The survey of 23,588 Americans between July 5 and July 12 also showed that 22 percent would shop earlier this year, with 25 percent expecting to do most of their shopping before Thanksgiving and 10 percent expected to have their shopping done before Halloween.
Additional findings include:
- Big spenders: Overall, 15 percent of respondents plan to spend more this holiday than last year, and 26 percent of GenZ consumers have larger budgets. Half of GenZ respondents said they would spend more this year because they have more people to shop for, and 45 percent said they were more financially secure.
- Stealing deals: Respondents said they would continue to take advantage of deals, with 61 percent saying that they plan to shop on Black Friday and 67 percent on Cyber Monday. The majority, 78 percent, of respondents, plan to shop Black Friday online, followed by in-store, 64 percent, and on mobile, 36 percent.
- IRLR (In Real Life Retail): Forty-three percent of respondents expect to make most of their holiday purchases in a physical store, – a 9 percent increase compared to 2020. The majority (68 percent) will visit big box stores. When it comes to the in-store experience, respondents said the ability to try on, touch and see physical products (70 percent) and in-person interactions with sales associates (41 percent) ranked most important, followed by product sampling (20 percent), complimentary gift wrapping (15 percent), and holiday activations like on-site Santas (13 percent).

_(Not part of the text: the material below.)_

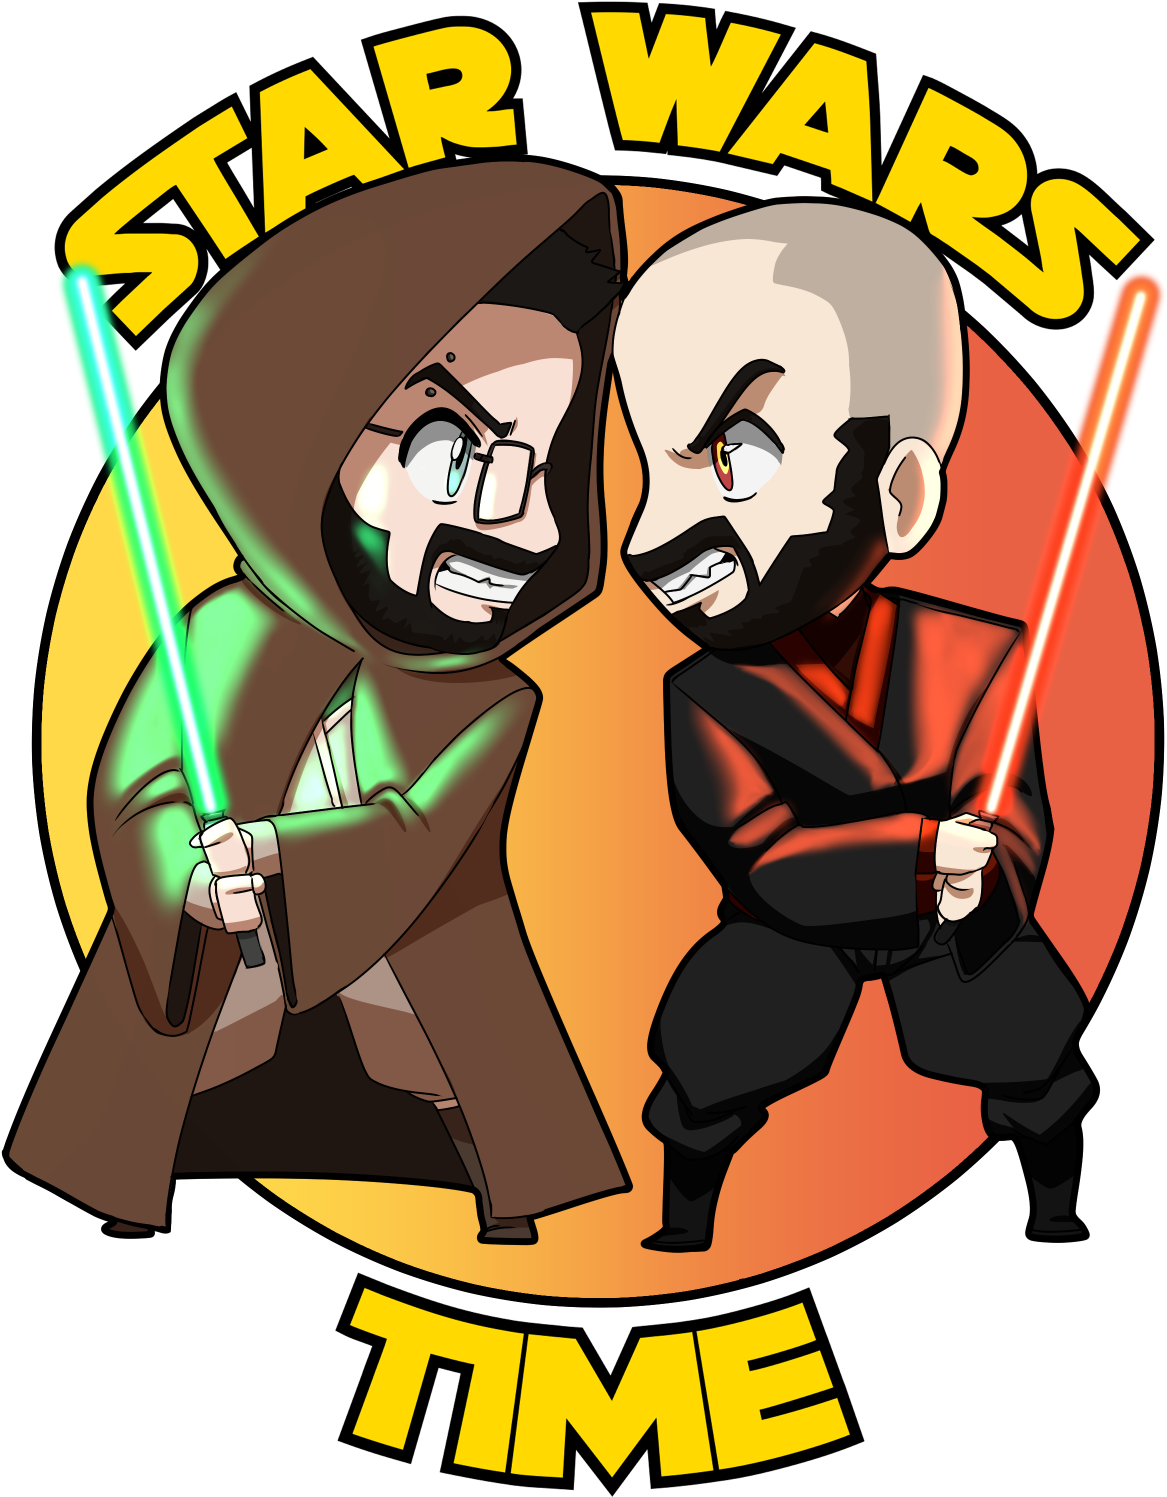 Cartoon Characters With Lightsabers In Their Hands

- Thankful for Thanksgiving: While 70 percent of respondents positively supported retailers closing their stores on Thanksgiving Day, 23 percent plan to shop on Thanksgiving, and 60 percent of those respondents will shop in-store.
- Amazing Amazon: Fifty-seven percent of consumers expect to make most of their holiday purchases online, and Amazon tops the list with 73 percent of respondents saying it would be their primary shopping destination. Outside of Amazon, younger generations (65 percent of GenZ and 60 percent of Millennials) said they would shop on Etsy, while 57 percent of the silent generation said they would shop on eBay.